What I'm surprised at is that they thought it would be more efficient to do this themselves. You'd think they'd send in their forensic folks and work with the admins to get what they needed. A few hours is not enough time, but a couple of days you'd think might.
- Leo
You don't use science to show that you're right, you use science to become right.
Right on target. In my experience the FBI couldn't give a rats ass about causing the least amount of colateral damage or returning your siezed property. In 2001 (I believe that's right) the FBI siezed a Sun 20 from a lab at a University I worked for. The lab was less than maintained. It was full of SGIs that were vulnerable to every possible exploit for the last 5 or 6 years. It was a joke really. The Sun was also unmaintained. I pointed out to my super 10 months before the siezure that the Sun was an open relay and had services running that shouldn't be (I still have that email!). Nevertheless it wasn't touched for 10 months. Right about the time I volunteered to help the lab maintainer get everything up to date and secure again the FBI came in and siezed the Sun.

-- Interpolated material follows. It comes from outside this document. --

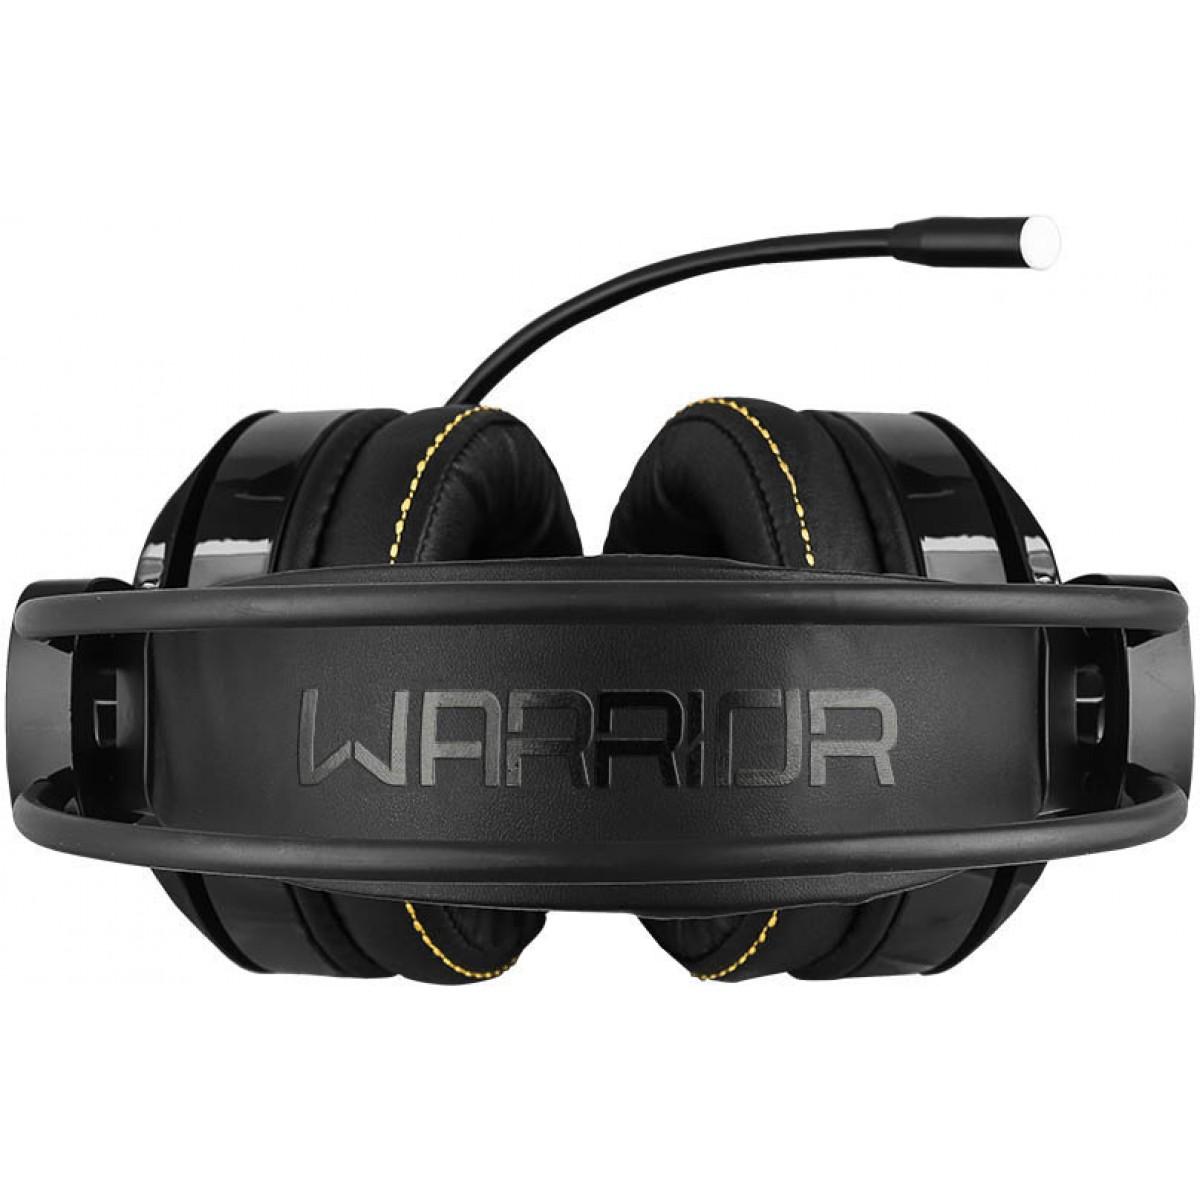 Headset Gamer Warrior Thyra Rgb, 7.1 Surround Com Vibracao, Black, PH290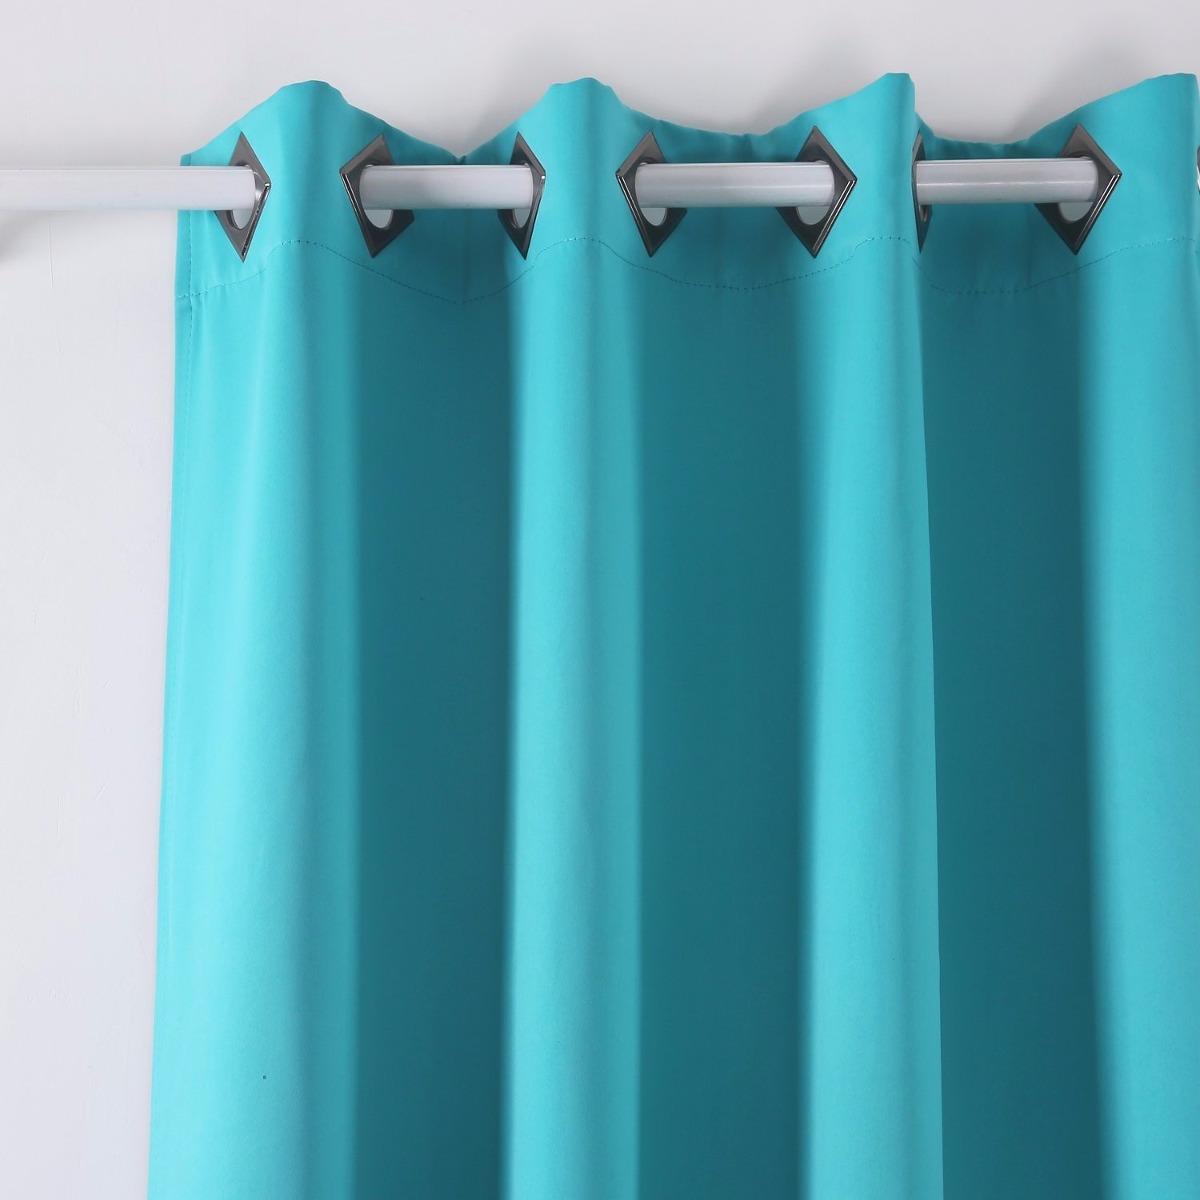 Cortinas decorativas termicas 132x241cm color turquesa - Cortinas turquesa ...

It apparently was used for something bad. I haven't been with that University for a while now but last I knew it still hadn't been returned. The FBI couldn't give a rat's ass about causing the least amount of colateral damage. Their actions speak for themselves. What if the machine used for the attack (or probe for that matter) was the Unv's mail server? It was poorly maintained too and had been hacked before. What if an attacker used it as a launching pad for an attack. Would the FBI sieze that piece of state property, effecting bringing email on campus to a complete halt? It's sad really to think about it.